Selena is wearing a pink sparkly swimsuit that she picked out herself. Maya is wearing a white and silver hand-me-down, scuffed and discolored. But she still looks irresistible in it; Emma wants to touch the soft scoop of skin that’s just below her neck, but does not want to disturb her peaceful play.

In the midst of the squeaks and splashes and giggles, both girls look up and gaze across the yard at the same time. Then Selena speaks.

“Come on in, Daddy.”

Richard scrapes his chair against the concrete.

Maya repeats her sister’s words.

He stands and looks toward the crape myrtle, and for an instant, Emma believes that he can see her. Then he stretches his shoulders up toward the brilliant sky, and pulls off his T-shirt. The girls stare with reverence. The stump below his elbow is healing; it has turned from red to pink. The red patches that had been rubbed onto his chest by the airbag have faded as well, and the scars on his face are mostly concealed by stubble.

Selena and Maya step aside as Richard joins them in the wading pool. He sits down between them and smiles, squinting in the brilliant sunlight.

Selena edges closer to him, her head level with his. “Does it hurt, Daddy?” She’s pointing to his arm.

“Sometimes. Not as much as it used to.”

Now Maya sidles over to her father. “Daddy, did Mommy go to heaven?”

Emma brings her hand up to her mouth, trying to stifle a sob that Maya may or may not be able to hear. Last night was the first time anyone in her family acknowledged her presence, and she still isn’t sure if that was because Maya is so young, or because she was in a semi-conscious, receptive state.

“Yes, I believe she did.”

“I saw her last night.”

“Sometimes I feel like I can see her too,” Richard says.

“She was in my bedroom. She talked to me.”

“What did she say?”

“She said that maybe we could go swimming today.”

“Did she talk to you too?” Selena asks her father.

Richard shakes his head. “I just feel her presence sometimes,” he says.

From across the yard, Emma can see her older daughter’s face very clearly. Her missing bottom tooth has been replaced by a jagged half-tooth. “It isn’t fair. You guys get to see her, and I don’t.”

“I’m over here,” Emma says, but as the words leave her lips, they carry no sound.

“If she could talk to you, I know what she’d tell you,” Richard says.

“What?”

“She’d say that she wants you to be happy. That’s all she’s ever cared about, that her children should be happy.” Richard touches his older daughter’s sparkly pink chest with his one remaining index finger. “You may not be able to see her, but she’s always going to be with you, right here.”

Selena nods but does not say anything. Her father says, “It’s okay to talk about her, Selena. It’s good to talk about her.”

“I miss her, Daddy.”

Richard instinctively pulls his six-year-old toward him with his right stump. Selena puts her face against his chest and begins to cry, very softly. Maya, too, begins to cry, connected to her sister’s every motion and emotion. Richard brings his three-year-old over with his left arm.

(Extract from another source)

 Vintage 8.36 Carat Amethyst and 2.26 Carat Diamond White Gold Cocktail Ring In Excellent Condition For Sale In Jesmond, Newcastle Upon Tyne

Soon they are quiet and seemingly content. The toys resume speaking with their squeaky voices; this time they’re addressing the giant who sits in the middle of the wading pool. The two little girls don’t mind that he’s occupying nearly all of the space in the pool; they dote on him, prance their pink-maned ponies in front of him, climb their Disney characters onto his shoulders, rest their Barbies in his hair. Richard grins as he dunks the Frisbee into the pool and lifts it up over Selena’s head. She shrieks, knowing what is about to happen, and Maya shrieks because her sister is shrieking.

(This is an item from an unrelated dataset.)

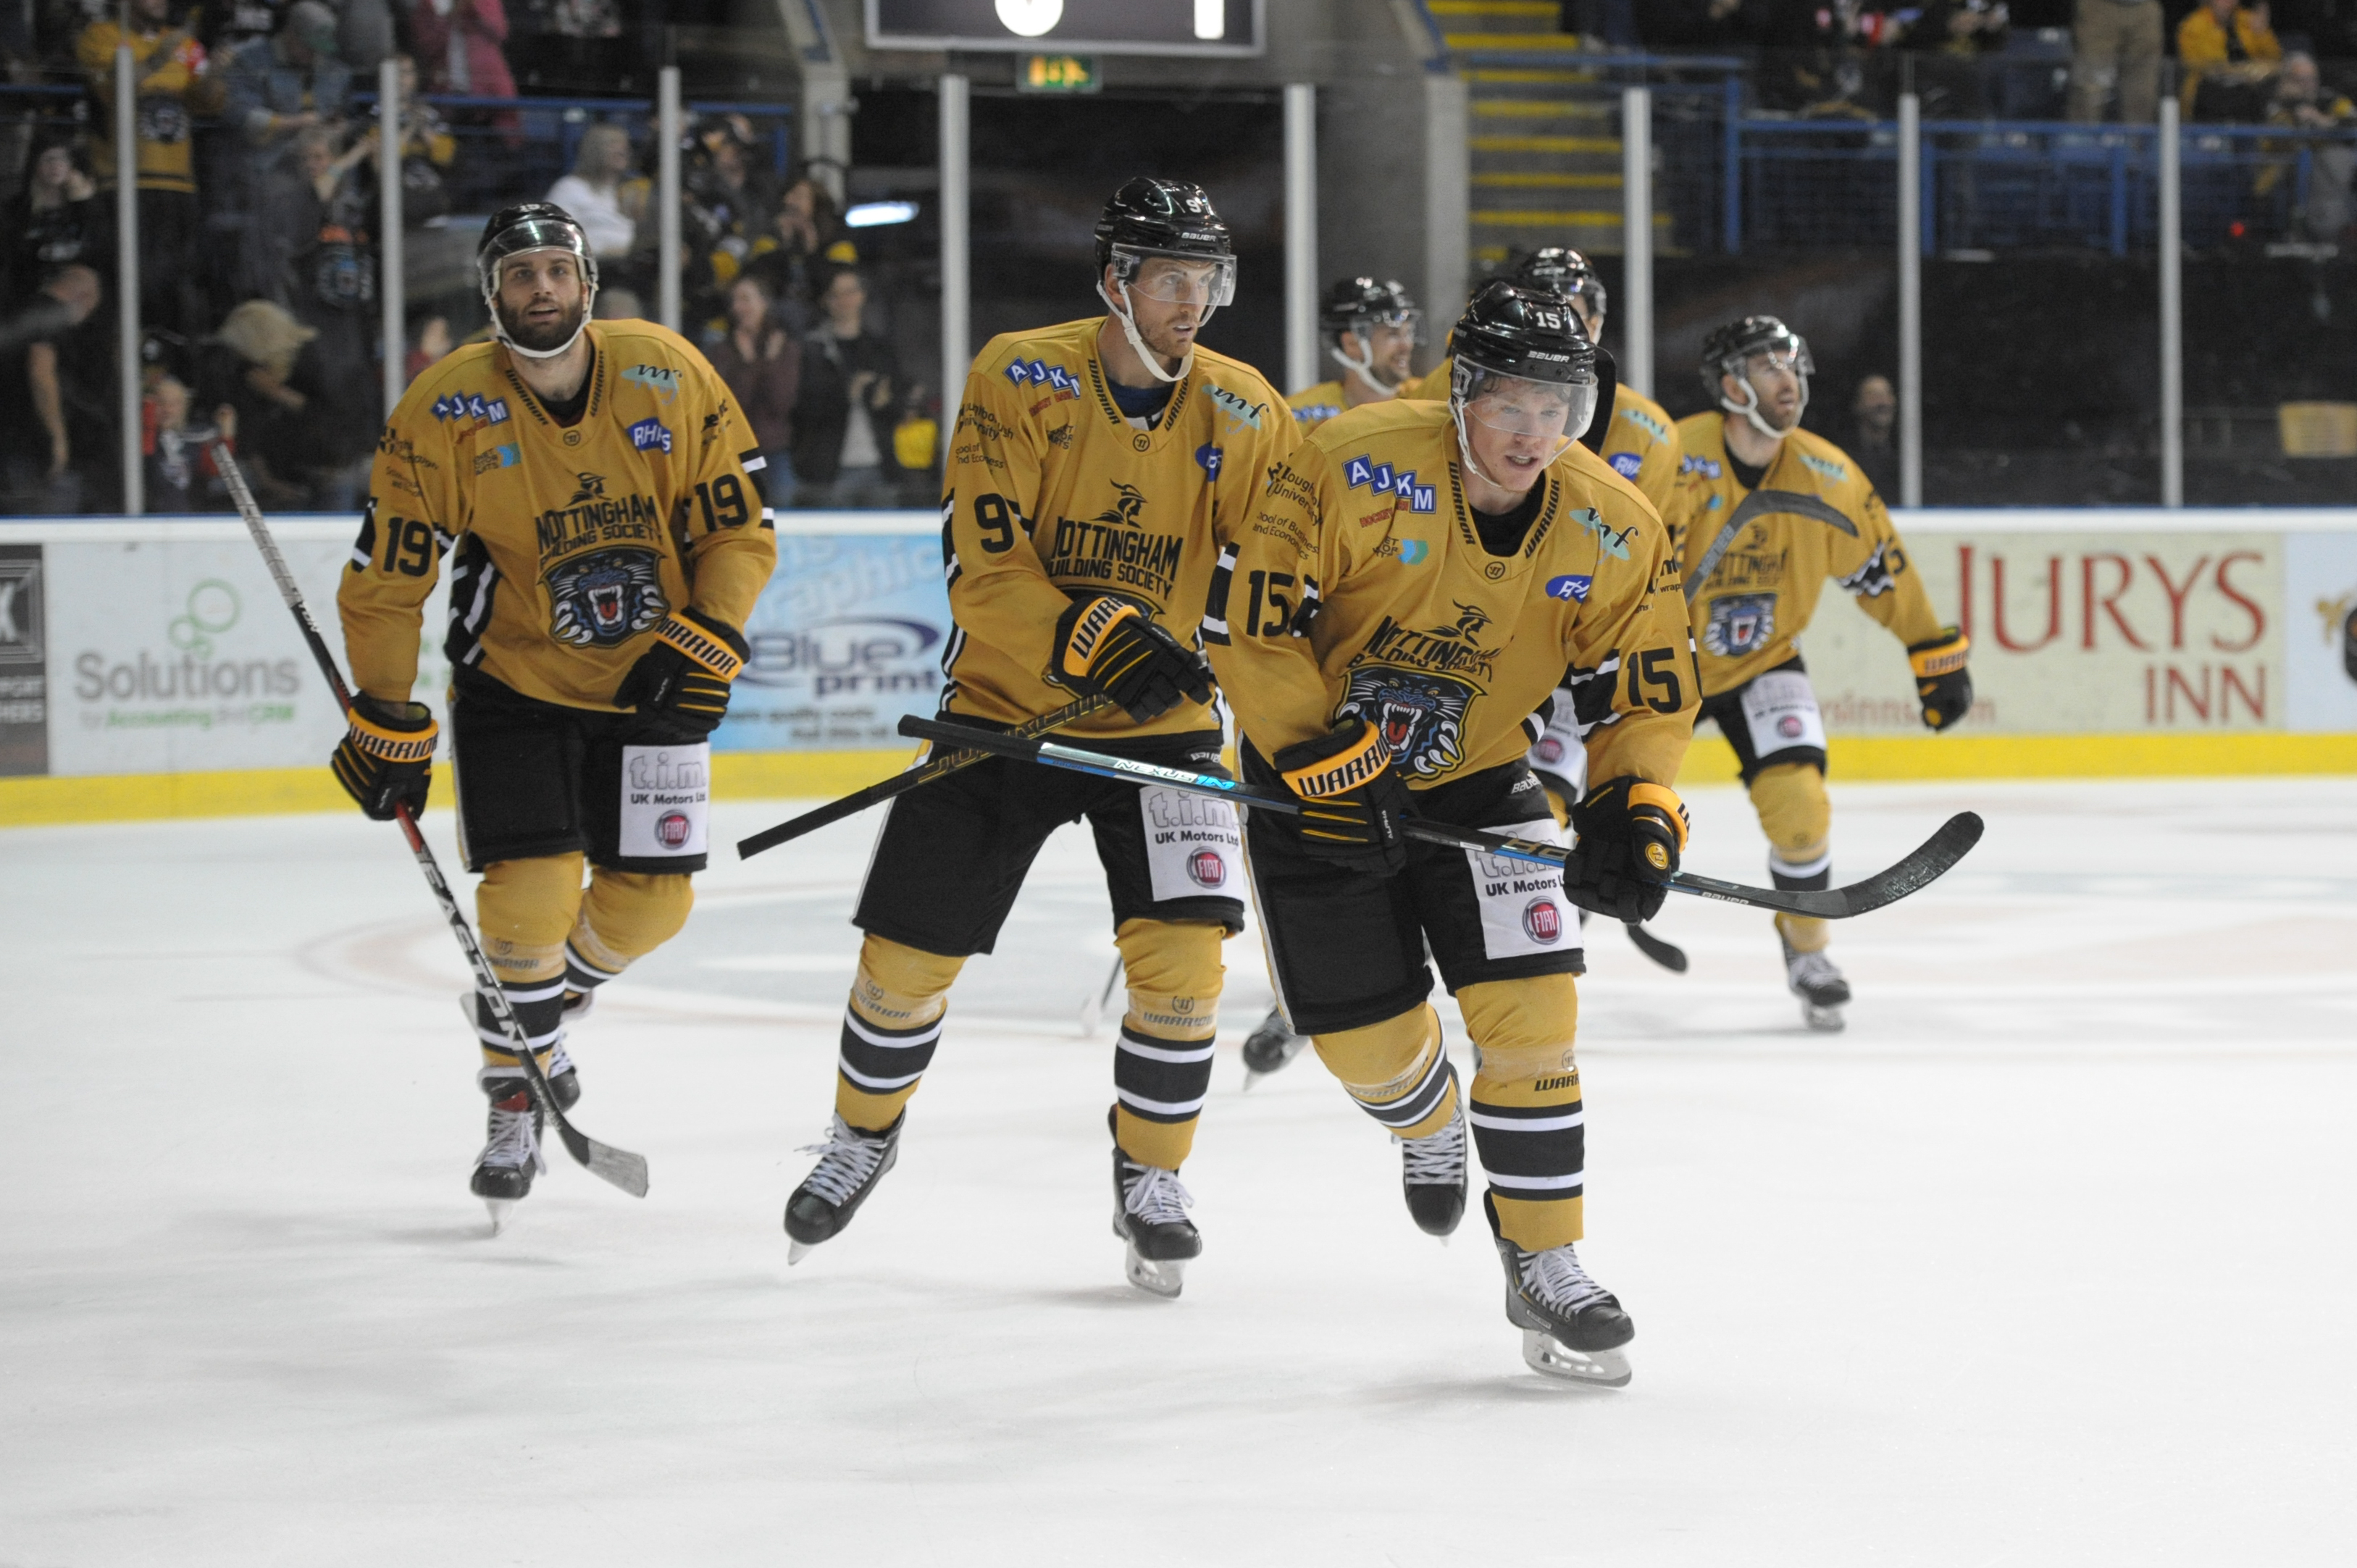 Panthers vs Storm: On Sale Now! - 16/03/19 Top Image

Emma feels herself drifting up over the crape myrtle. On the topmost branch is a nest, where a mother bird sits with her hatchlings. She looks over, opens her beak, and emits a faint, cautionary “creee.” Soon, Emma is high above the tiny wading pool, which has become the scene of chaotic splashing and laughter. She wants to get in with her husband, with her children, but she can’t.

It’s time to go.


This was my first published short story, winner of daCunha.global’s first and only short story competition. “A Faint, Cautionary Creee” was included in an anthology, recorded as an audio and performed by actors at two public events in the U.K. In December, 2019, daCunha closed up shop. I am forever grateful for the way they showcased my work.